* _ACTION ITEM_:
Please retype the data below line for line and leave out every picture.

* _EXERCISE DATA_:
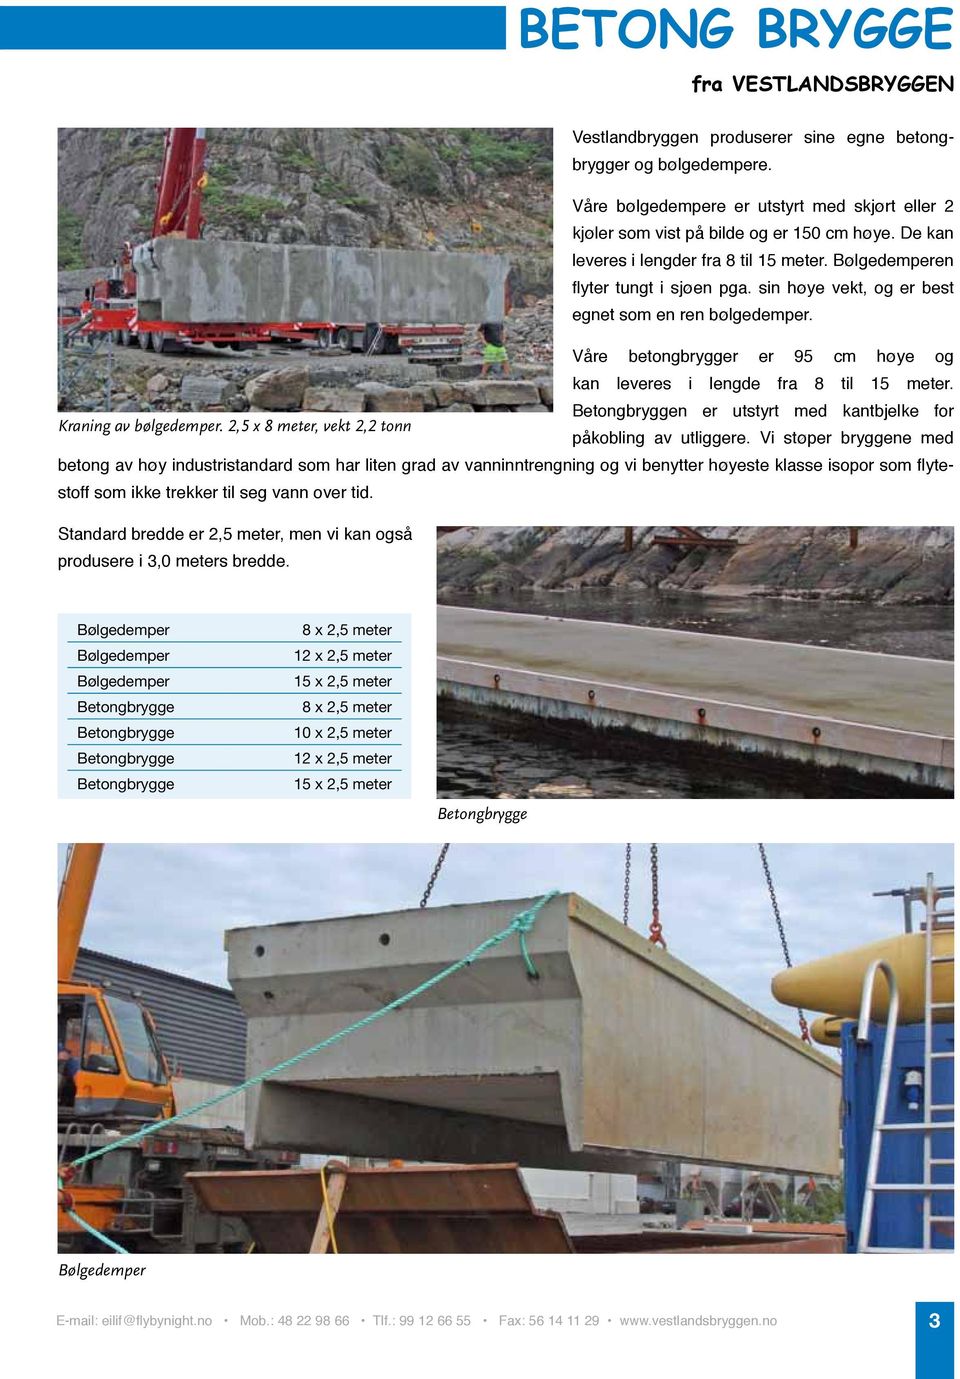 Våre betongbrygger er 95 cm høye og kan leveres i lengde fra 8 til 15 meter. Betongbryggen er utstyrt med kantbjelke for Kraning av bølgedemper. 2,5 x 8 meter, vekt 2,2 tonn påkobling av utliggere.
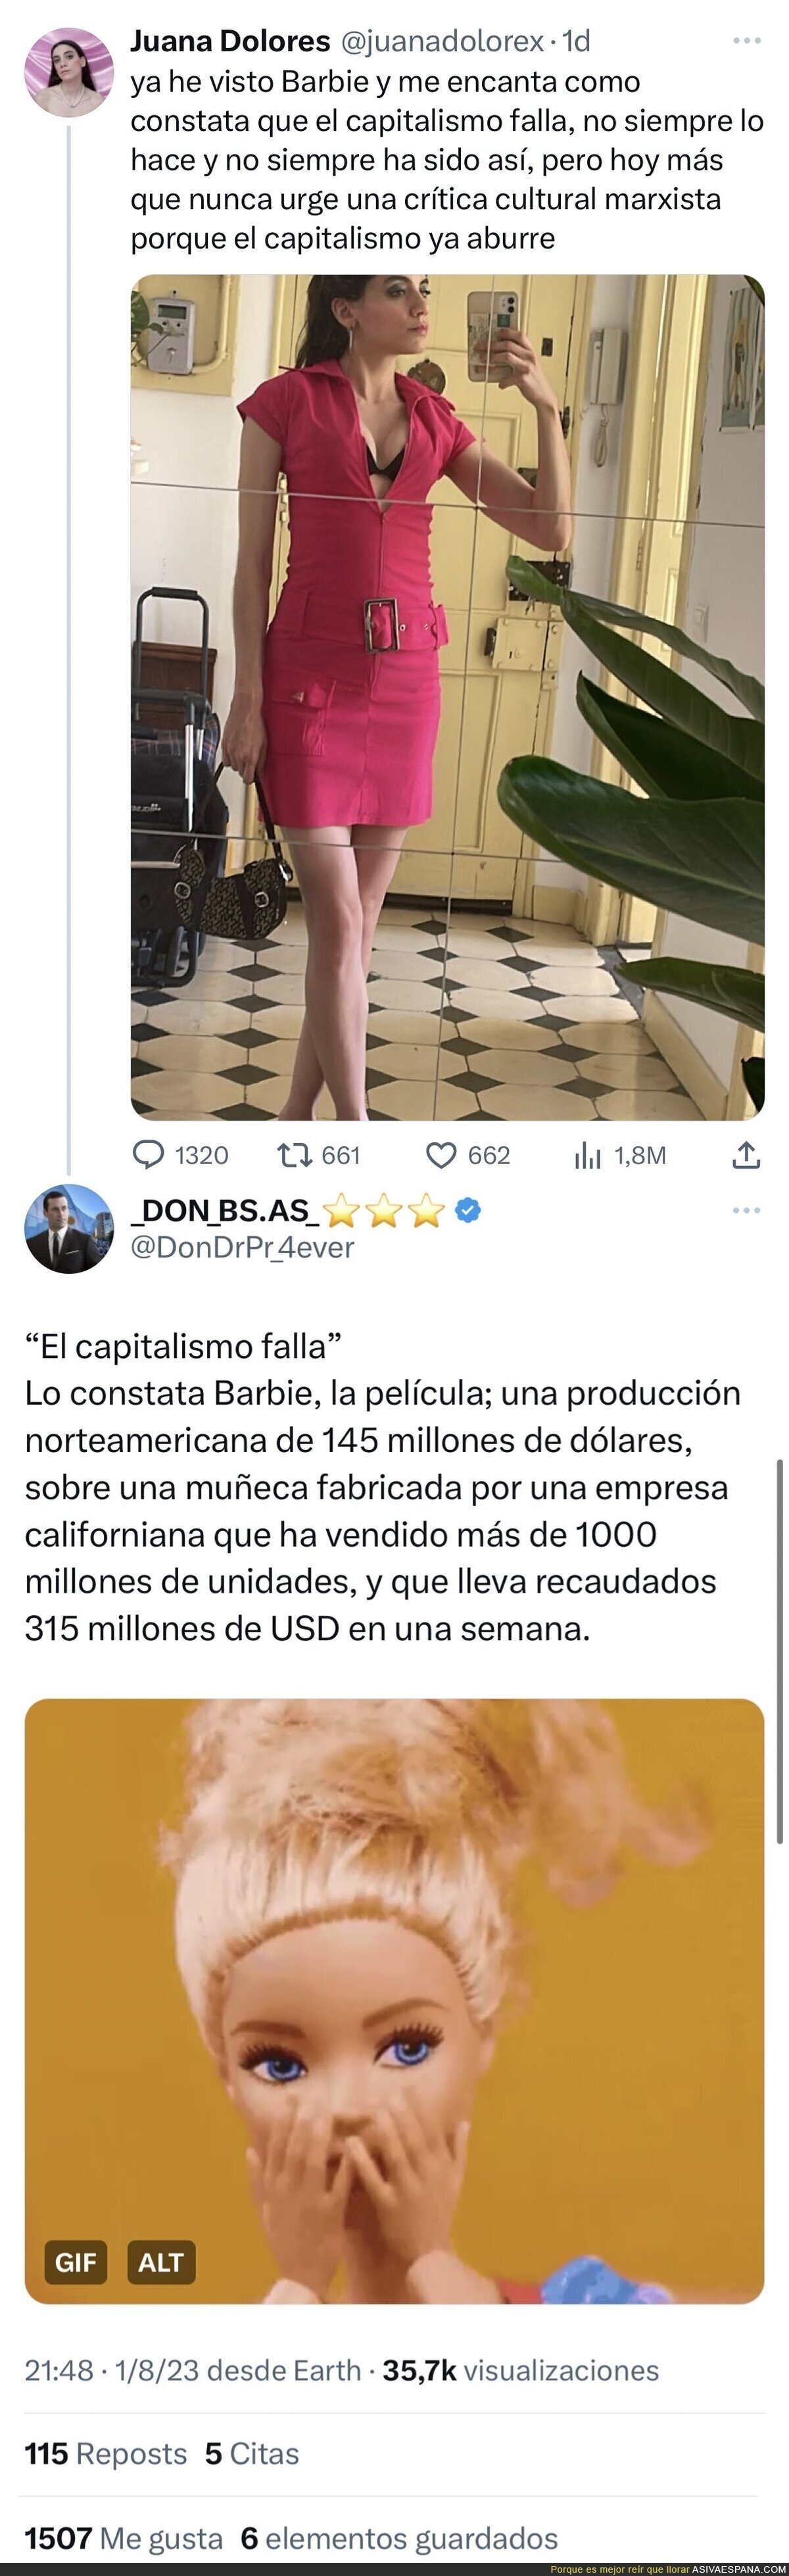 El capitalismo y Barbie
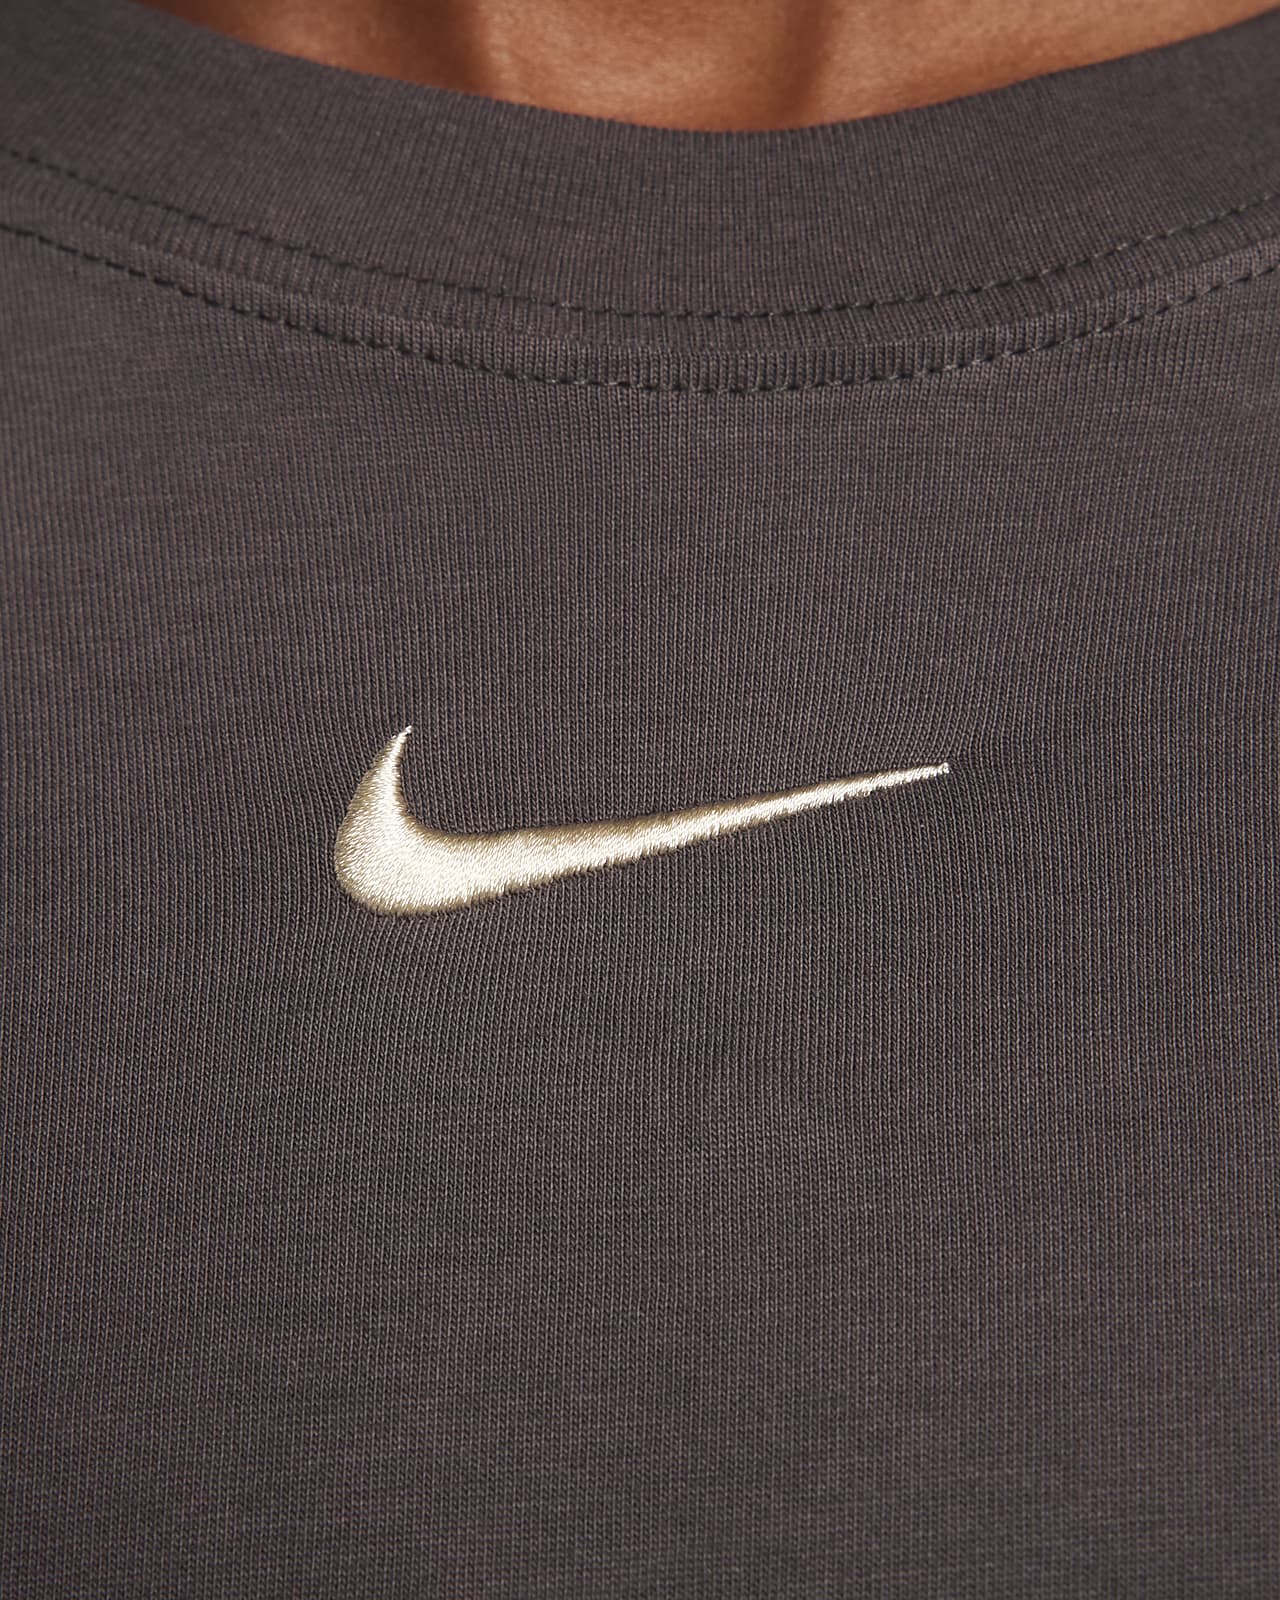 Nike Sportswear Women's Ribbed Jersey Long-Sleeve Top. Nike CA
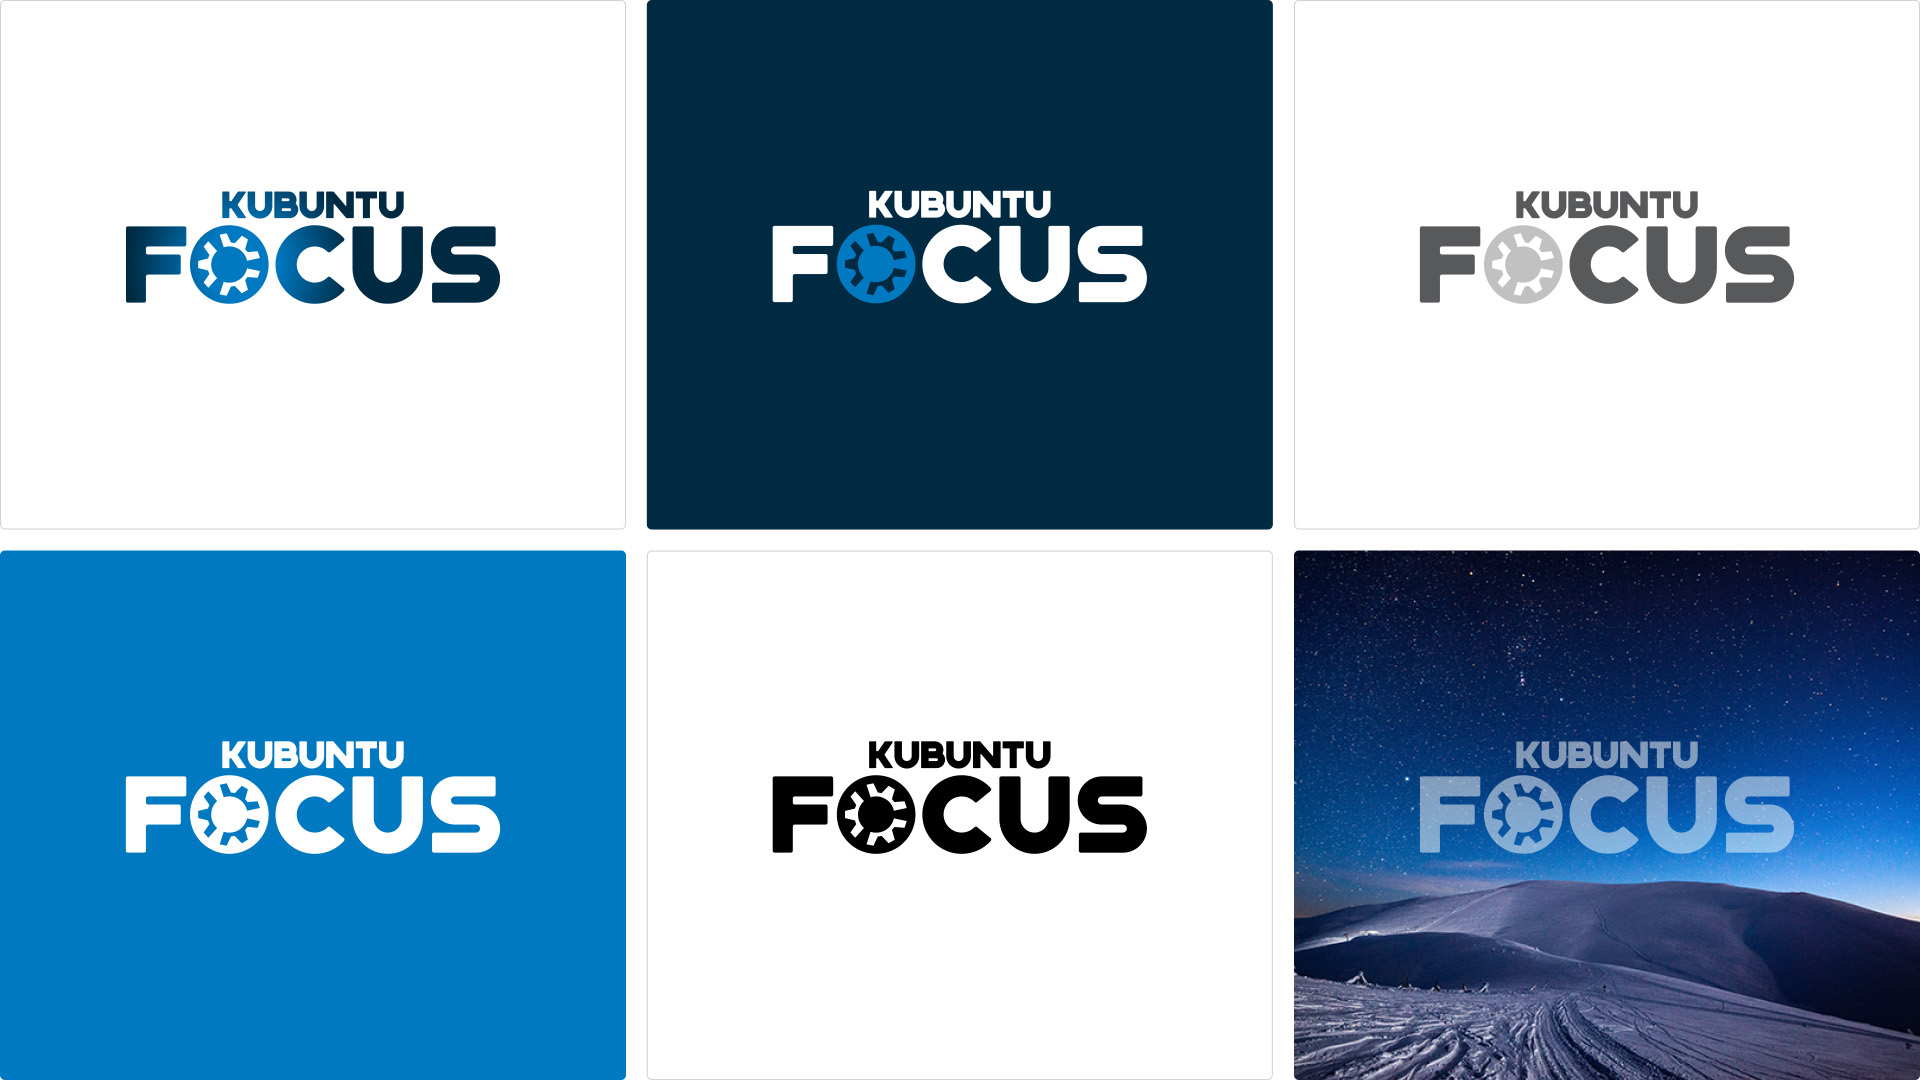 05-kfocus_rebrand-logo_variations

* _ANSWER BOX_:
 Våre betongbrygger er 95 cm høye og kan leveres i lengde fra 8 til 15 meter. Betongbryggen er utstyrt med kantbjelke for Kraning av bølgedemper. 2,5 x 8 meter, vekt 2,2 tonn påkobling av utliggere.
 El capitalismo y Barbie
 Nike Sportswear Women's Ribbed Jersey Long-Sleeve Top. Nike CA
 05-kfocus_rebrand-logo_variations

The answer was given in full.